The obvious answer is copyleft-type licenses.

(1) Has anybody done legal analysis on that beyond the obvious? I don’t think LLM training on copyleft code has been tested in court yet…? (Even LLM training on more restrictively licensed works seems to be surviving court challenge….)

(2) Are there copyleft licenses (i.e. “derived works must be similarly licensed”) out there that don’t have the Stink of Stallman on them? Or is GPL v3 still just the way to go despite the smell?

2/2

@inthehands Copyleft licenses that aren't GPL: The Mozilla Public License and the EUPL. There may be others, but those are the ones I know about.

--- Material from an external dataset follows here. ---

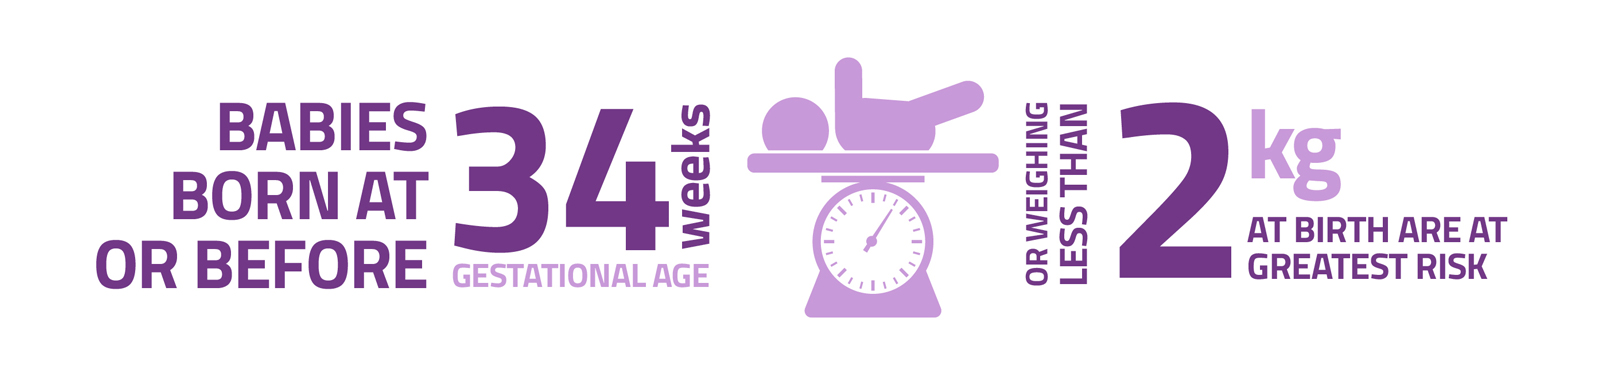 rop-2c3-babies-born-34-weeks-1600w

If I ever were to start making software for the fun of it again, I would possibly use EUPL.

@datarama @inthehands

looking up what led to the EUPL could be interesting; but i think yous are making a big mistake:

there's a ton of escape hatches around copyright around the world: e. g. someone lobbied Japan so well that they codified a universal, non-revokable exception to copyright for training LLMs -- at least in Europe the training entity has to respect an opt-out

so you can't rely on copyright triggering at training time

what you described is instead contract law

@lbruno @datarama @inthehands contact law... so like Agents.md that says "by analyzing, or training on, data from this repository you agree to ..."

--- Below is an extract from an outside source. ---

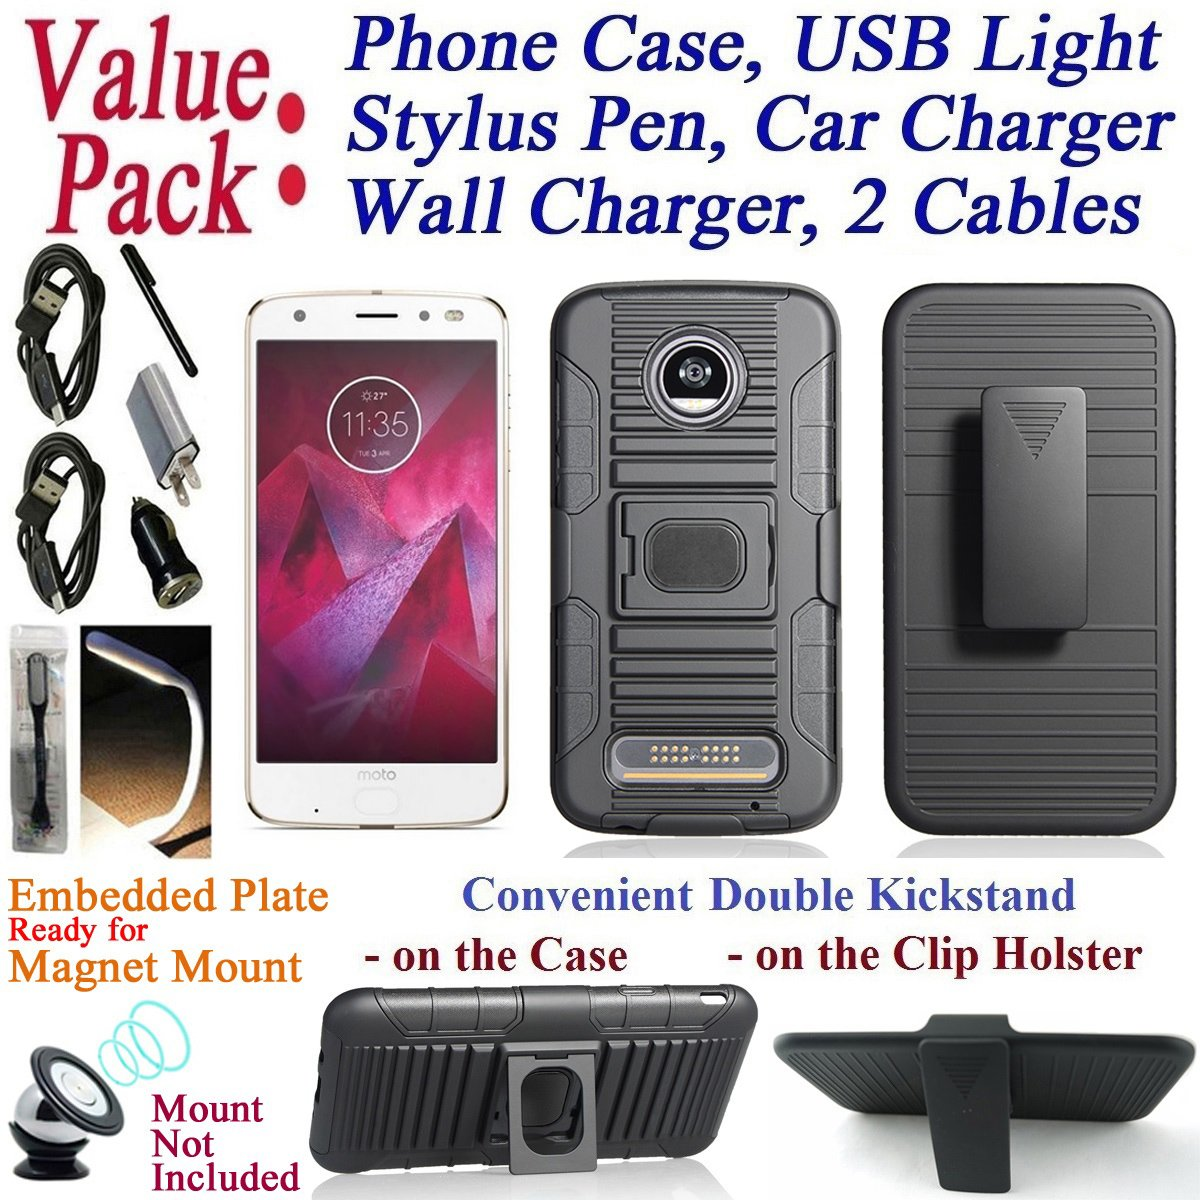 Value Pack + for 5.5'' Motorola moto Z2 Play Z2 Force Case Phone Case Belt Holster 2 KickStand Magnet Mount Ready Hybrid Armor Shock Bumper Cover (Black)

Edit: NVM, they make this point below

@wronglang @datarama @inthehands

yeah, specifically about this: you can't force terms on an agent and then try and bind the person running that agent to those terms, it's not really a thing

@lbruno @wronglang @datarama The possibility here — and to be clear, not saying courts would buy this, but! — the possibility here is that even if •training• is allowed use, the law could quite sensibly end up being that:

1. users of an LLM are responsible for how they use its output,

2. infringing reproduction of copyrighted work is infringement regardless of the technologies used for reproduction and transmission

2a. including LLMs,

3. licenses apply whenever the result would otherwise constitute infringement (this much is established; it’s how copyleft and CC licensing work, for example),

4. a software license can thus limit use of LLM-generated code whenever that code substantively reproduces code from the original project (which it often does), and thus

5. users of LLM output are legally exposed to licenses from the training material.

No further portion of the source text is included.